### Try it
Apart from the images, output the data below exactly.

### The data
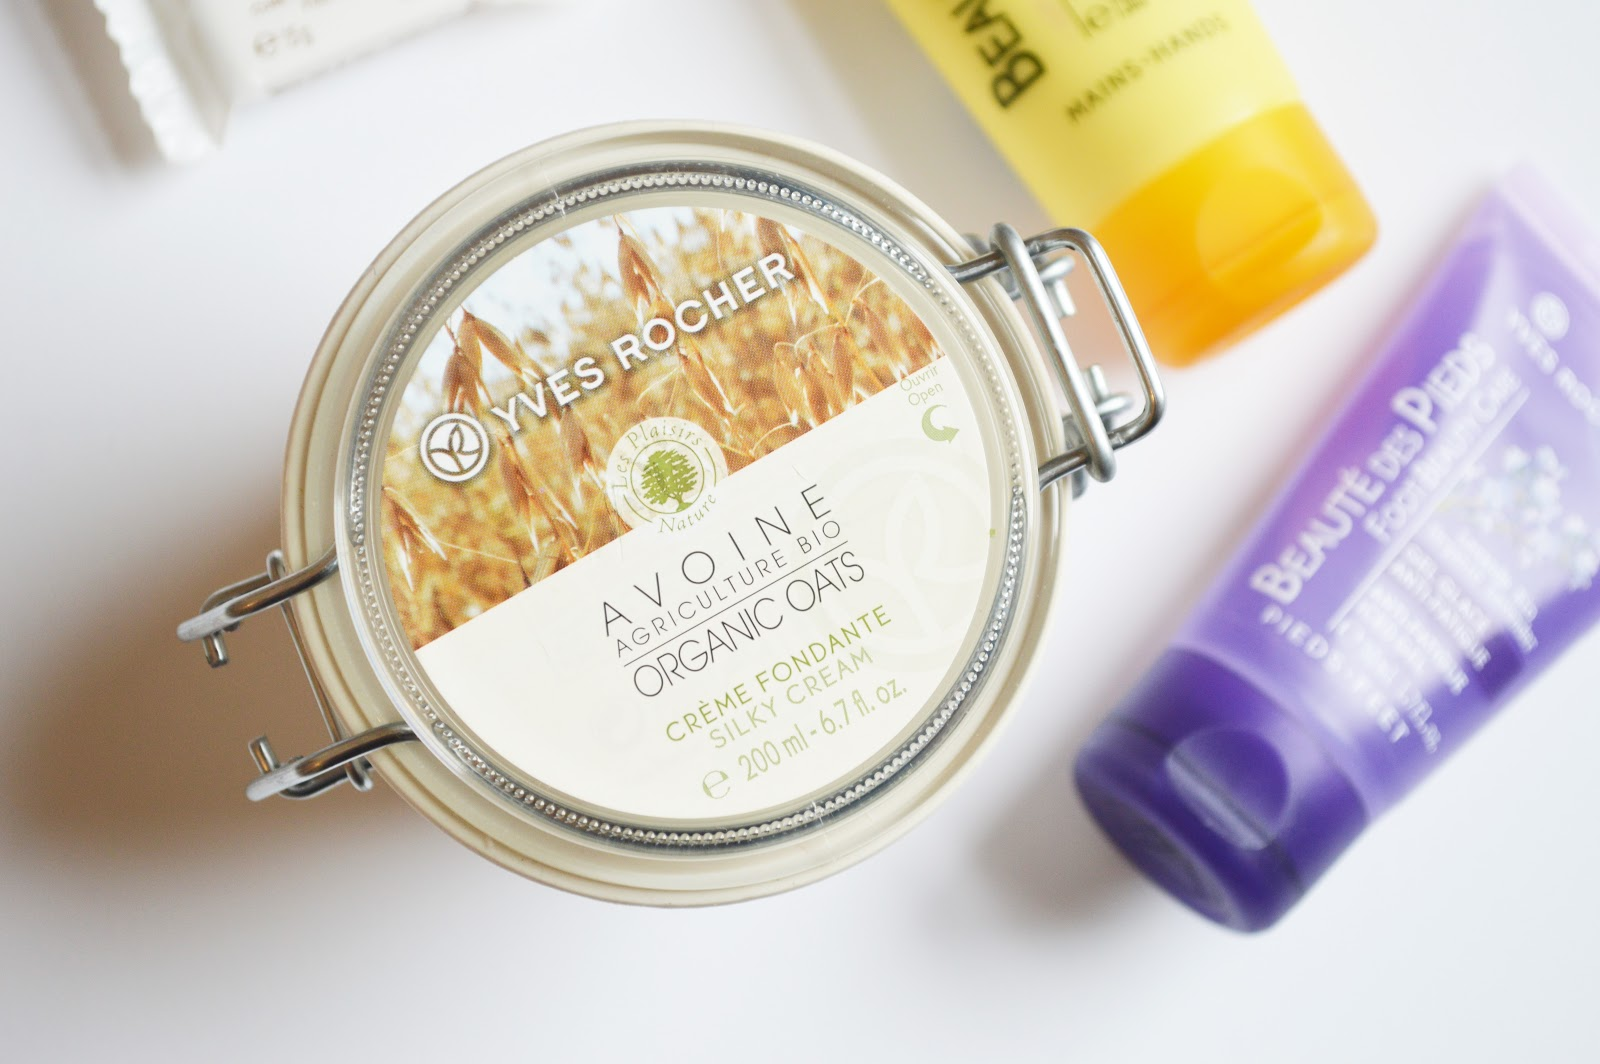 Yves Rocher Organic Oats Silky Cream
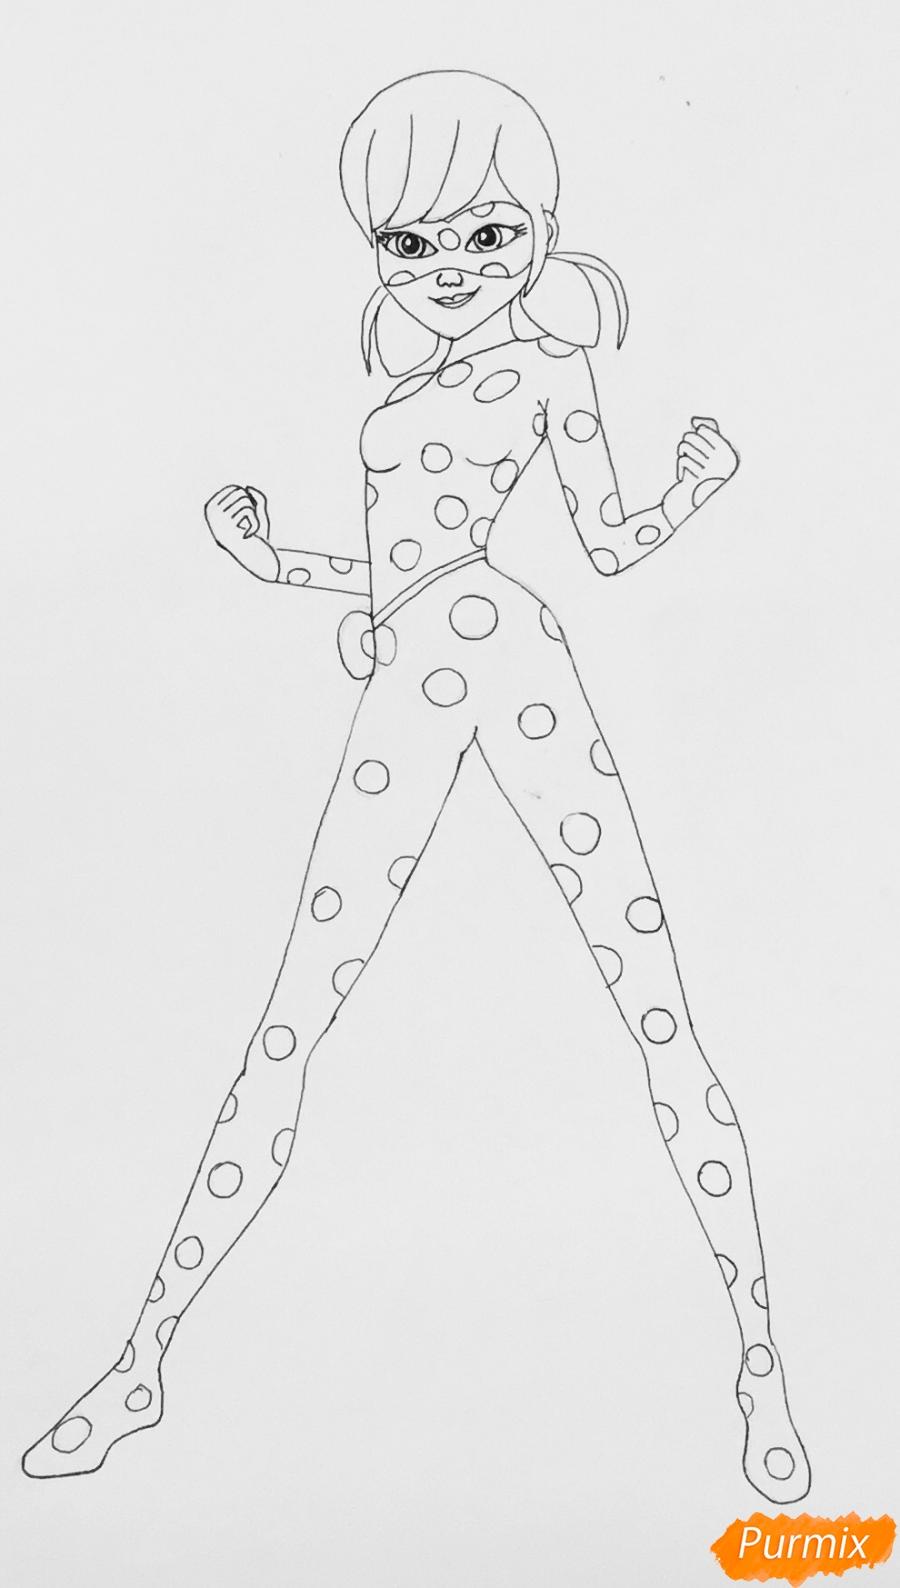 Рисуем Леди Баг из мультфильма Леди Баг и Супер Кот - фото 6
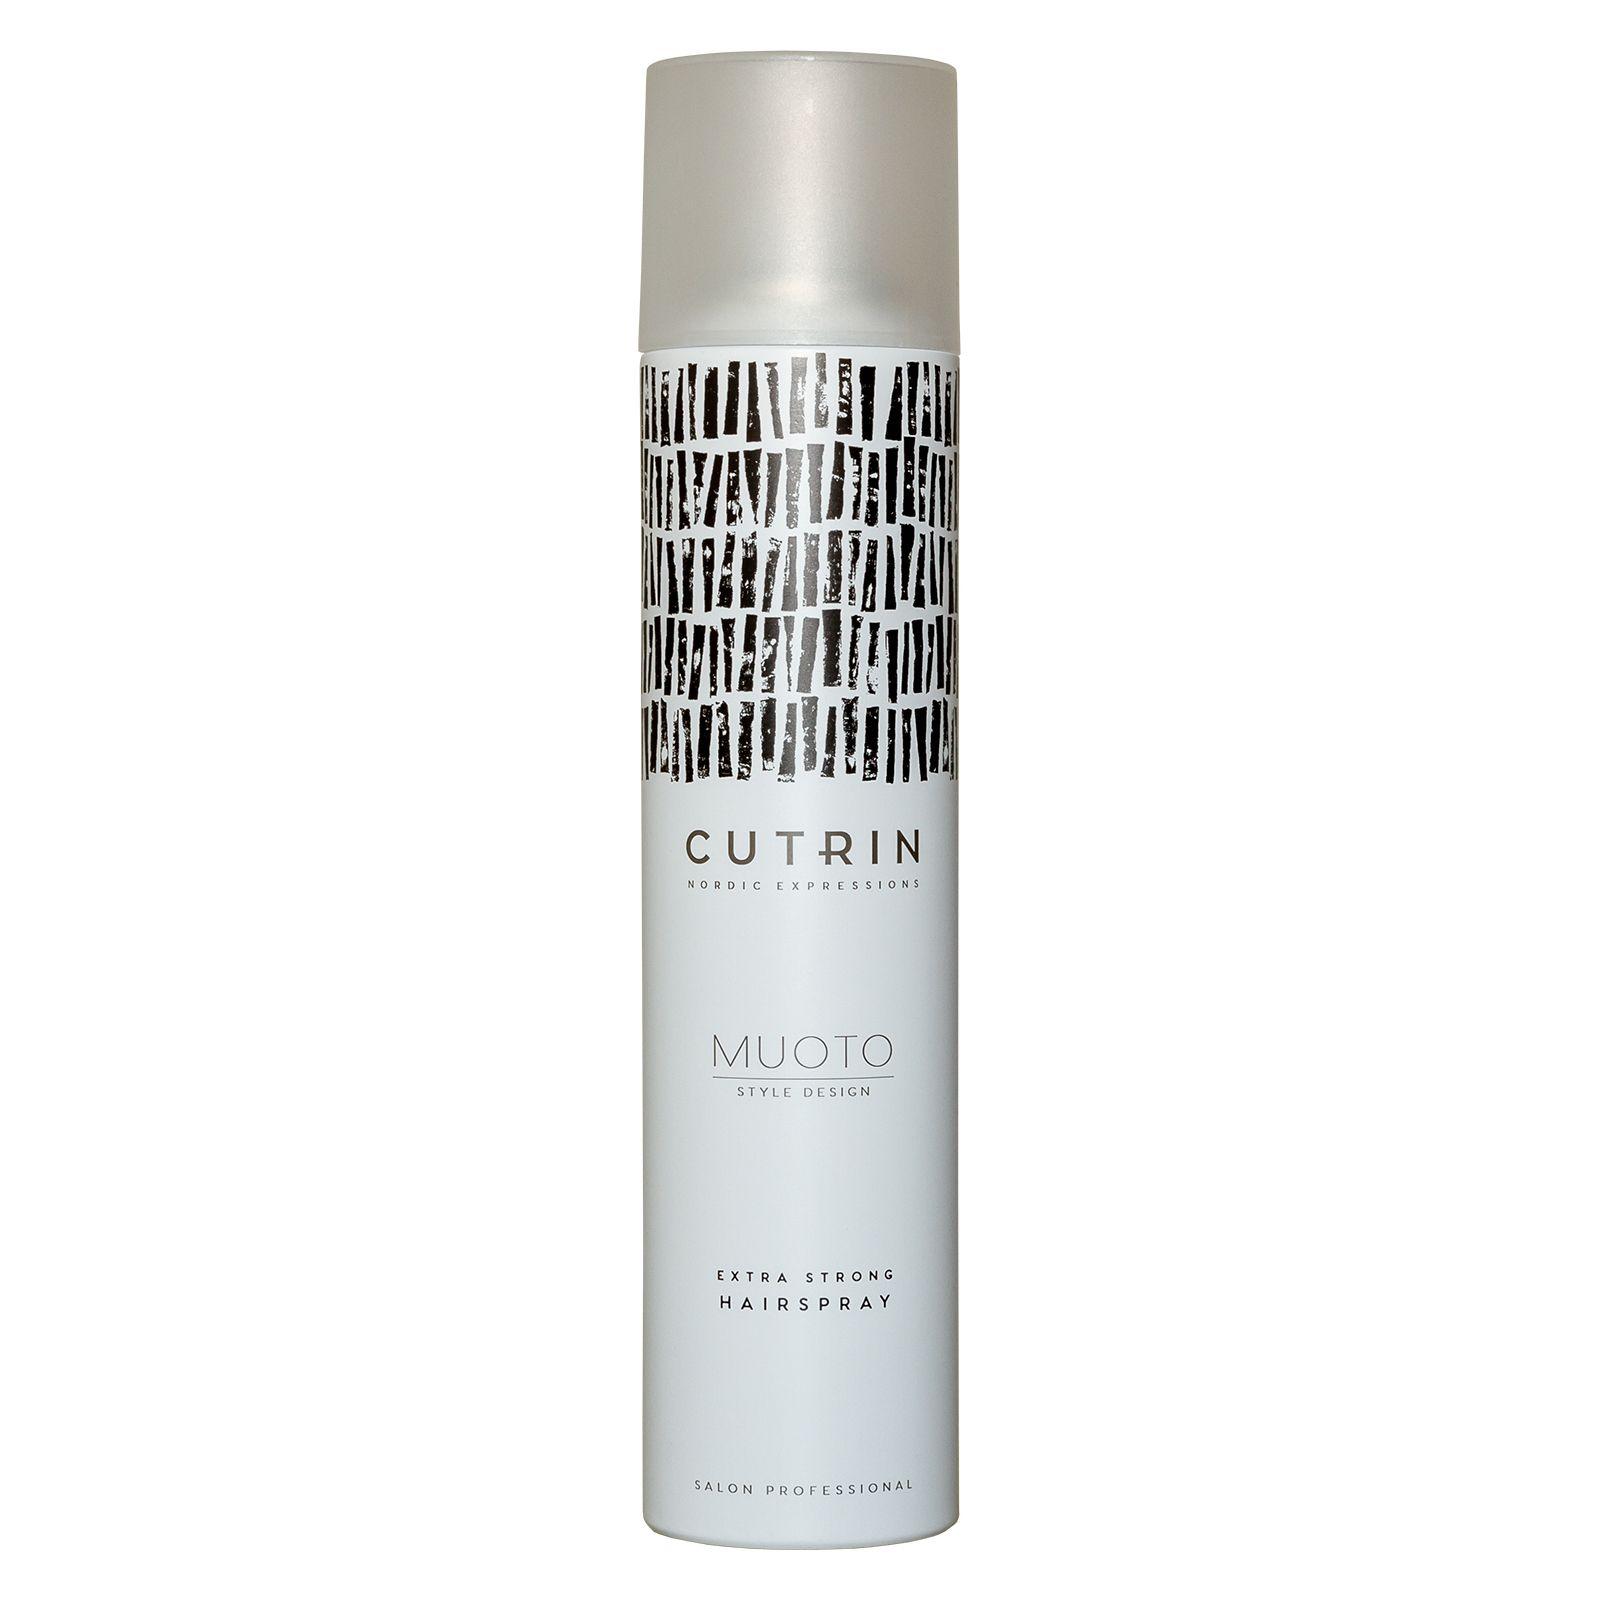 Cutrin Muoto Extra Strong Hairspray - Лак экстрасильной фиксации 300 мл

### Result
 Yves Rocher Organic Oats Silky Cream
 Рисуем Леди Баг из мультфильма Леди Баг и Супер Кот - фото 6
 Cutrin Muoto Extra Strong Hairspray - Лак экстрасильной фиксации 300 мл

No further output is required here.